A year after settlement, CCH attorneys still work on ‘street sweeps’ case

By Diane O’Connell, Staff Attorney

Our Law Project staff and interns continue to monitor how the city of Chicago implements its policy regulating the seizure of personal property taken from homeless people who live on the street.CCH Logo

The policy was adopted in January 2015 after CCH, working with another legal aid group and private law firm, settled a case challenging the city’s practice of confiscating and destroying personal property. This included sleeping bags and medicine taken when the city ran “sweeps” of people who sleep on Lower Wacker Drive and under the Wilson Avenue viaduct at Lake Shore Drive.

Through the past year, the Law Project monitored approximately 20 street cleanings. Staff and interns also held 80 interviews with people who live on the street, including some follow-up interviews. This outreach and observation has raised significant concerns about the city’s compliance with its own policy. 

Concerns include the city’s failure to provide intensive case management, social services, and long-term housing, as promised in the policy. Also at issue is the city’s failure to post proper signage and notice, ineffective outreach and engagement by city agencies, and whether training is offered to city workers who interact with homeless people.

During our advocacy, some concerns have been addressed by the city, including removal of outdated signs. Other practices continue in apparent violation of the policy, causing confusion and upsetting people impacted by sweeps.
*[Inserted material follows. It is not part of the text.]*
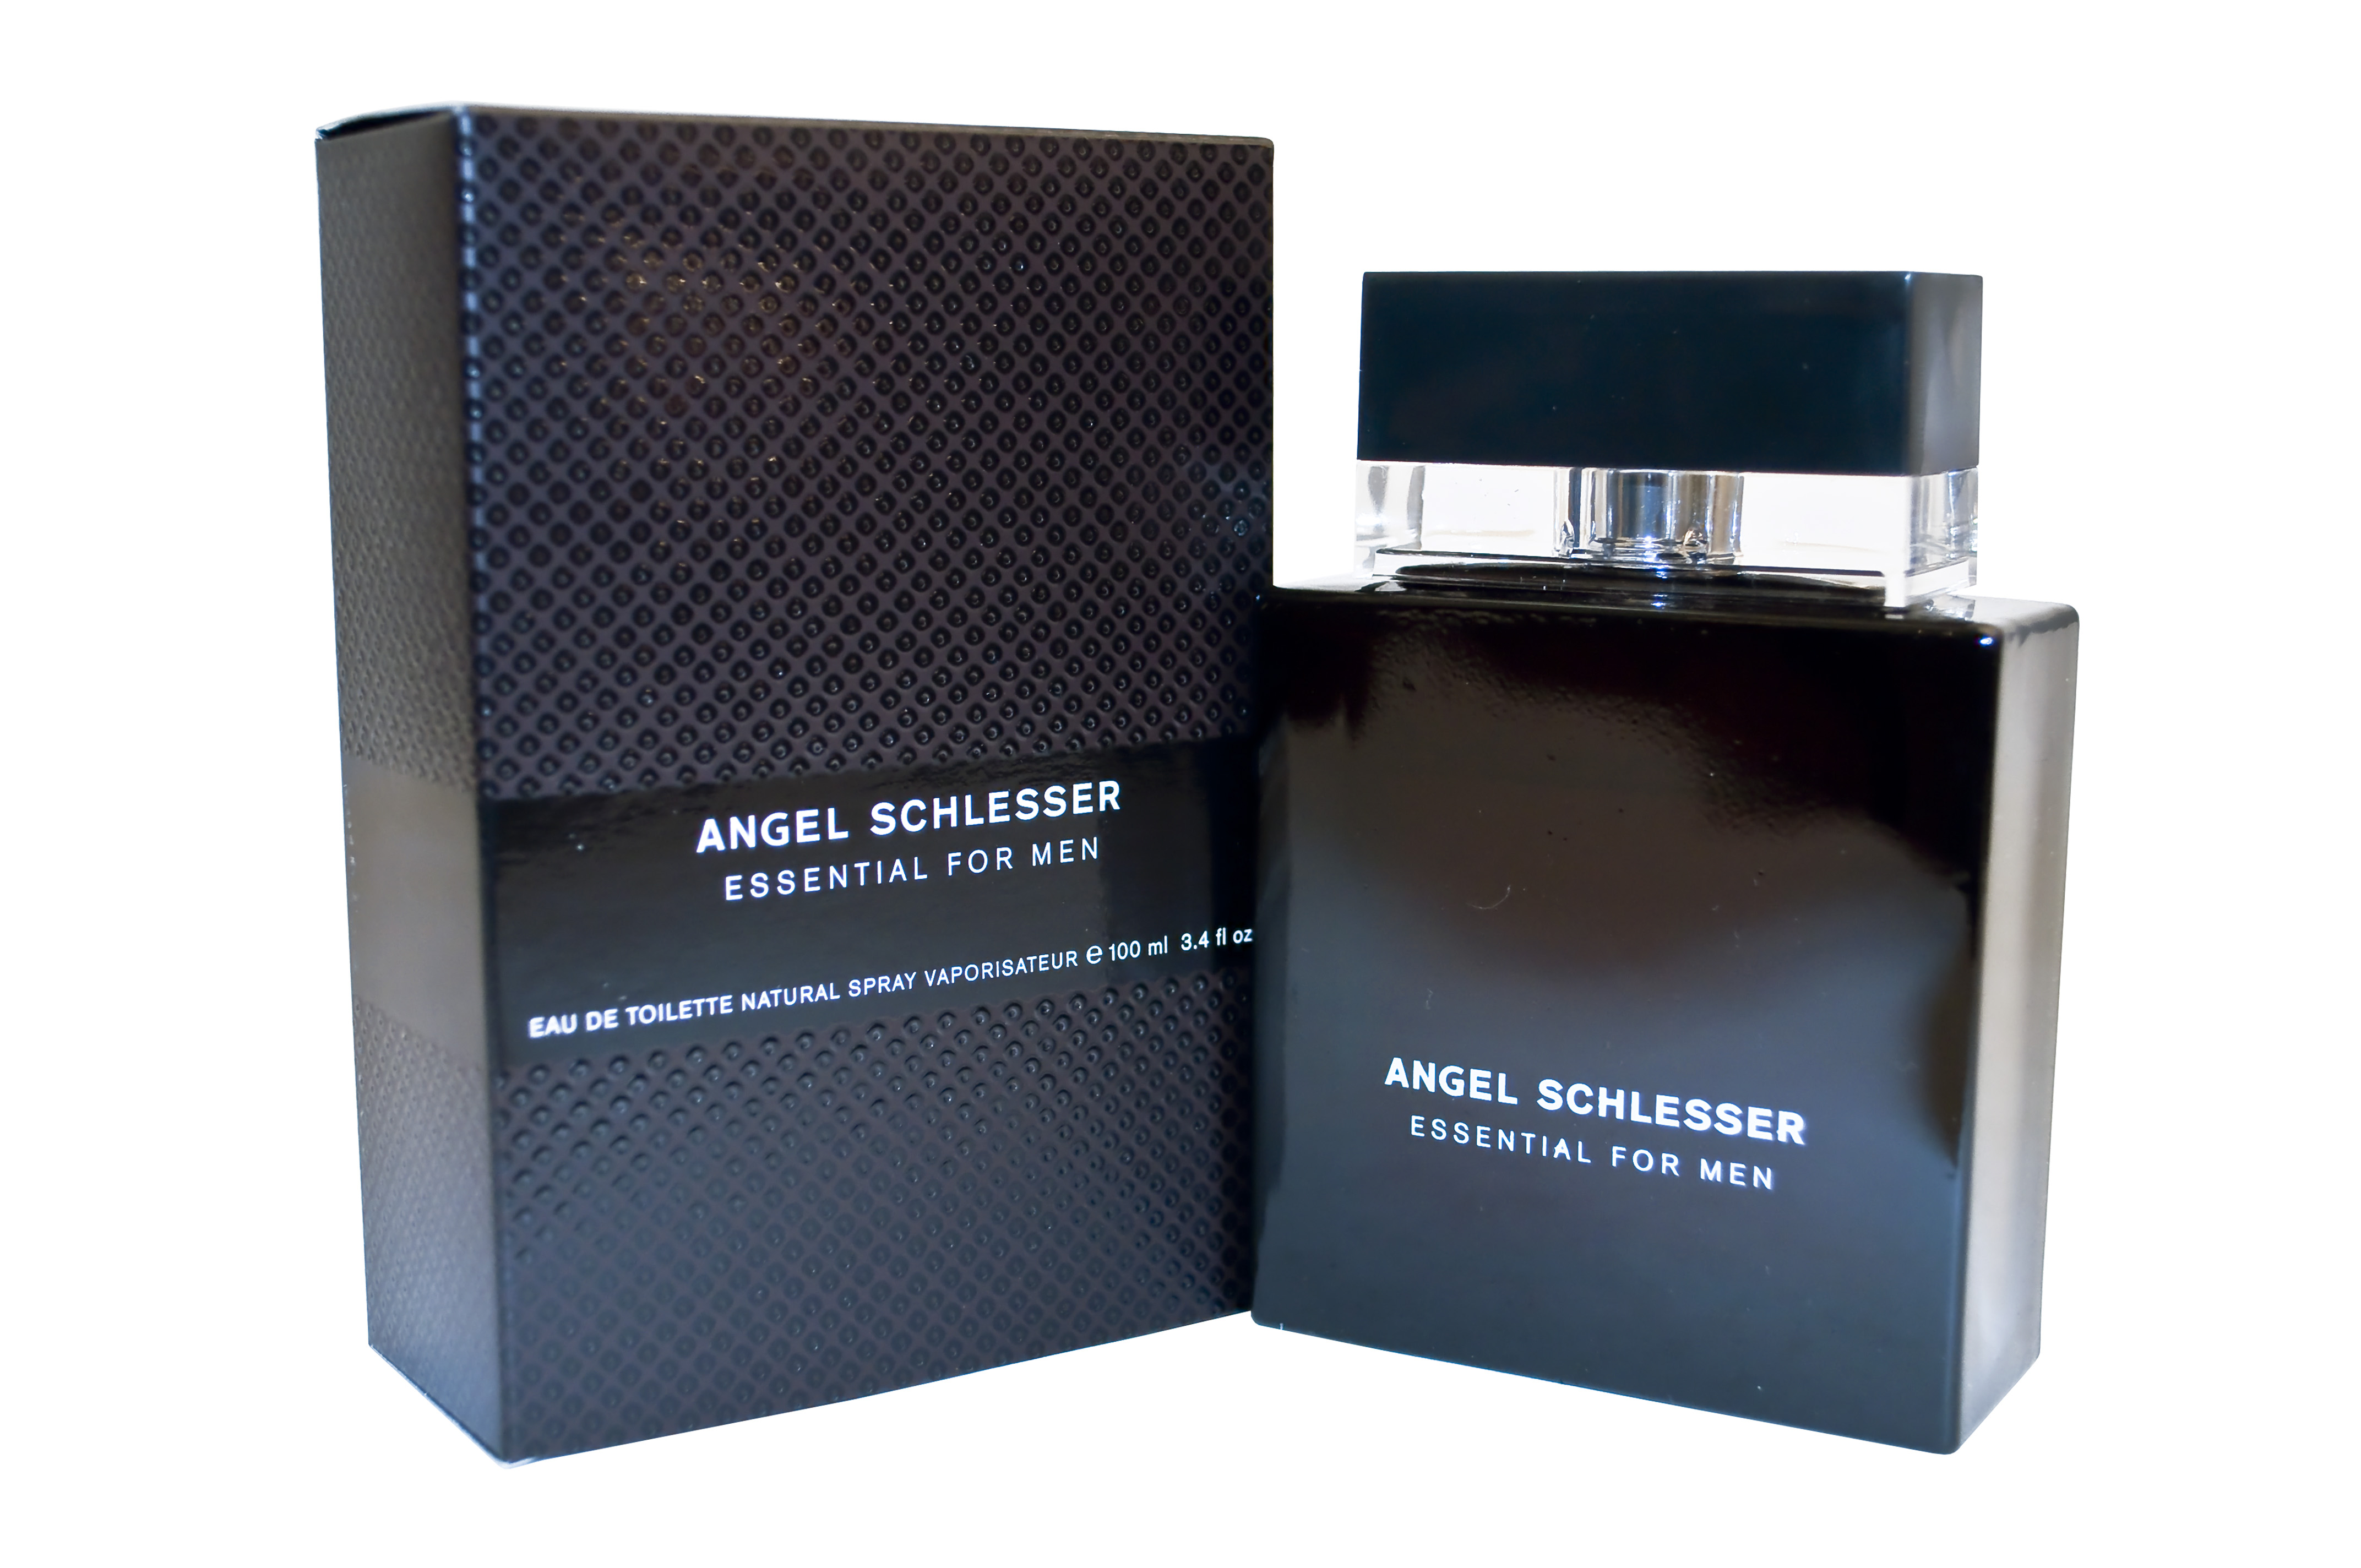 Angel Schlesser Essential For Men Eau de Toilette 100ml

Further informing our efforts is a guidance issued last August by the U.S. Interagency Council on Homelessness, Ending Homelessness for People Living in Encampments: Advancing the Dialogue. The guidance urges the decriminalization of homelessness and condemns the disruption of homeless encampments unless people can be connected with permanent housing.

Driving CCH’s advocacy are the experiences of homeless people who sleep outdoors in Uptown, Lower Wacker, and other areas. They rely on tents and other modest property as their only comfort and protection from harsh Chicago weather, with many of them also struggling with illness, addiction and disabilities.

When advocating with city officials, we have shared the Interagency Council’s guidance and the concerns relayed to us by homeless residents. The Law Project will continue to advocate improved conditions for people who experience street homelessness, seeking more predictability of sweeps, better services for those in need, and increased access to permanent housing for people who need it most.